As the COVID-19 calamity has droned on, we have become accustomed to criticisms in our nation’s response. However, some things were done right. Two years ago, in the darkest days of the early pandemic, the Food and Drug Administration (FDA) made the unprecedented decision to make convalescent plasma (CP) available to American citizens before complete evidence of efficacy and safety had emerged. This was done by creating a Mayo Clinic registry in April 2020, that allowed physicians to administer CP while collecting clinical information on the patients and on their course of disease.
Convalescent plasma is a form of antibody therapy. People infected with a microbe make antibodies that aid recovery and protect from repeat infection. Convalescing patients have these antibodies in their plasma, which can be used to protect others from the same infection. Antibody therapies were first developed in the 1890s and an enormous body of medical knowledge shows that they are effective when used early in the course of disease. The FDA action relied on solid historical evidence as well as reports from China that CP was safe and likely effective.

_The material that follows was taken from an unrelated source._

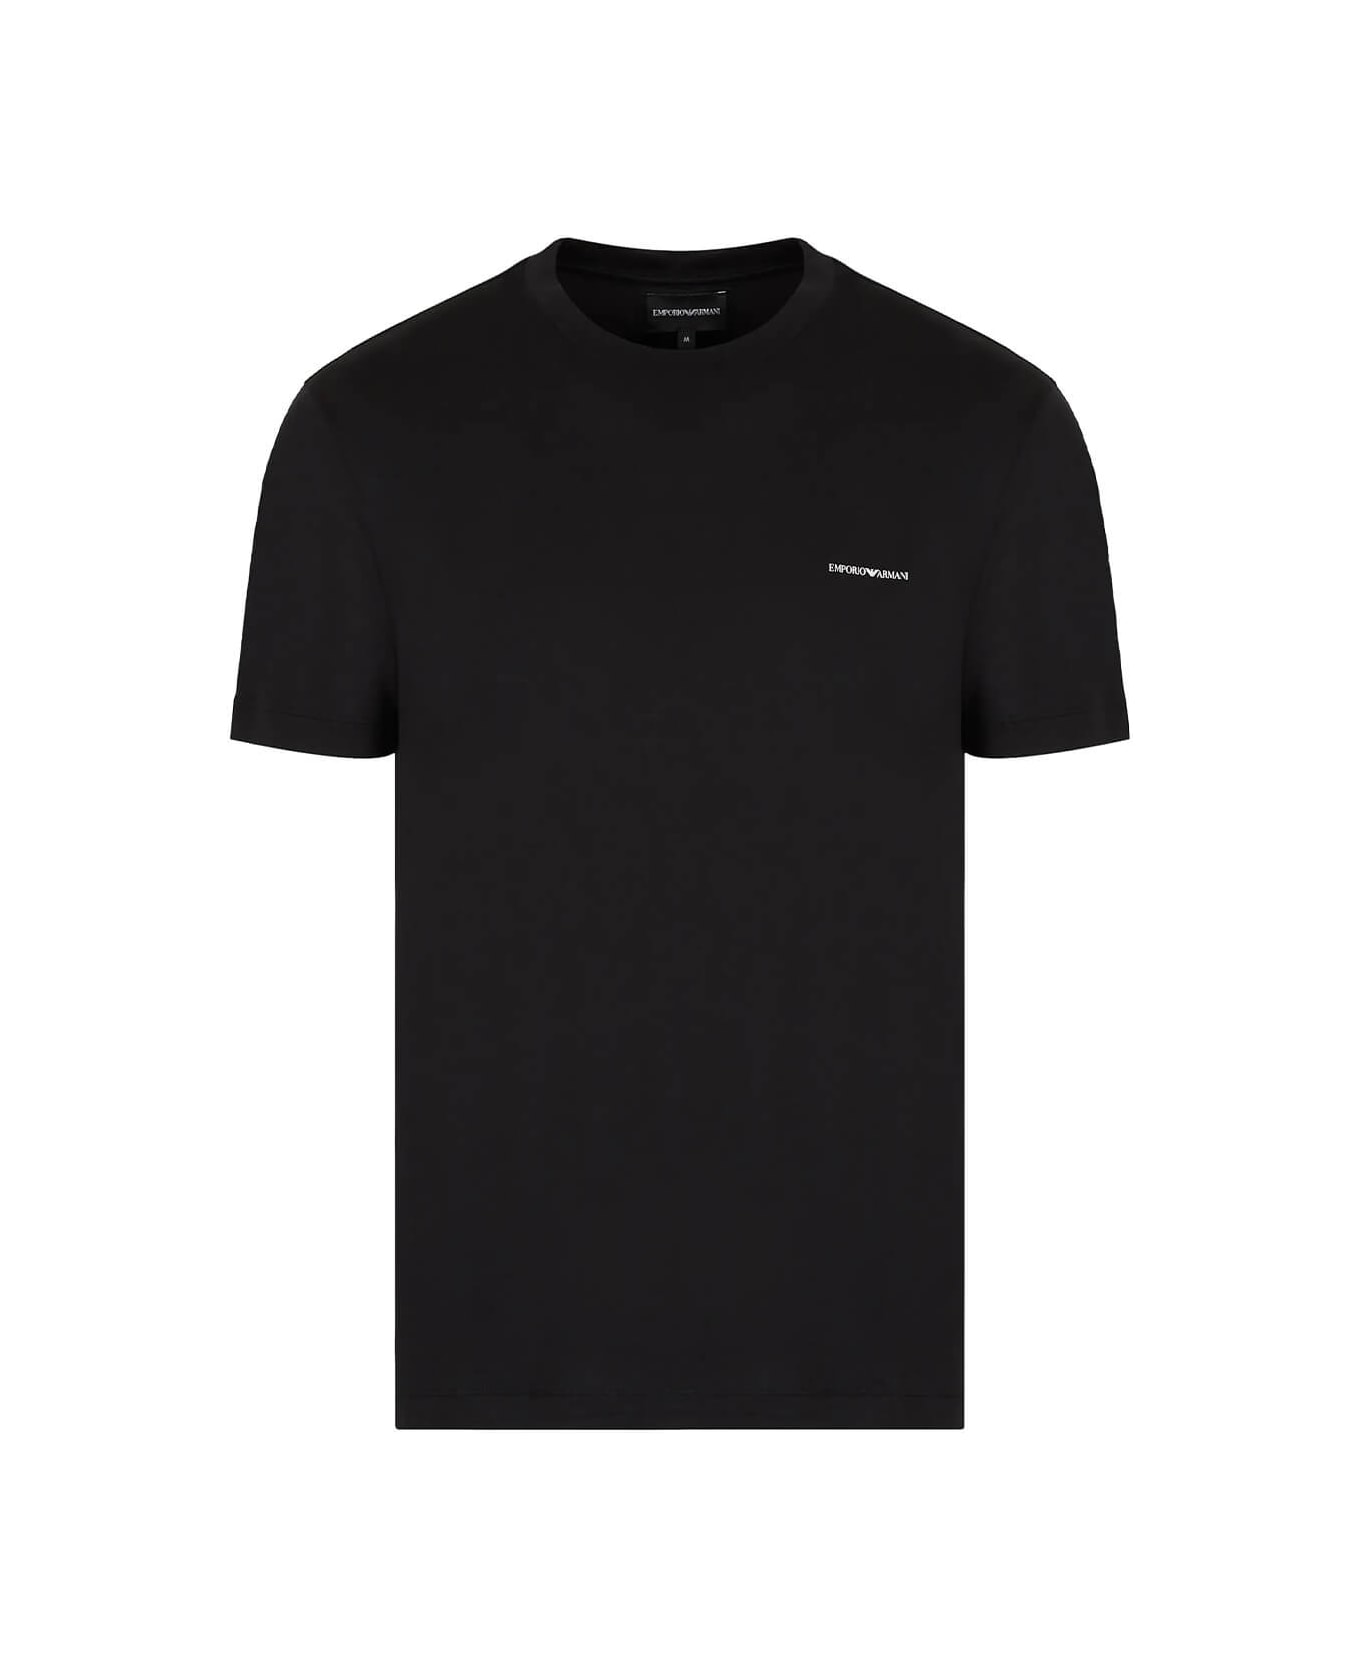 Emporio Armani Essential Black T-shirt - Black シャツ

The Mayo Clinic registry rapidly produced evidence that CP was safe, dispelling any concerns that antibody administration would worsen infection through a mechanism known as antibody-dependent enhancement (ADE). This finding also reassured the then-nascent vaccine efforts because prior coronavirus vaccines had been plagued by concerns about ADE. One can only imagine the detrimental effect on vaccine development in the event the registry had found evidence of harm from antibody administration. At the very least, vaccines rollouts would have been delayed as more safety data would have been needed. The CP effort made a quiet, unsung, yet critically important contribution to the development of COVID-19 vaccines.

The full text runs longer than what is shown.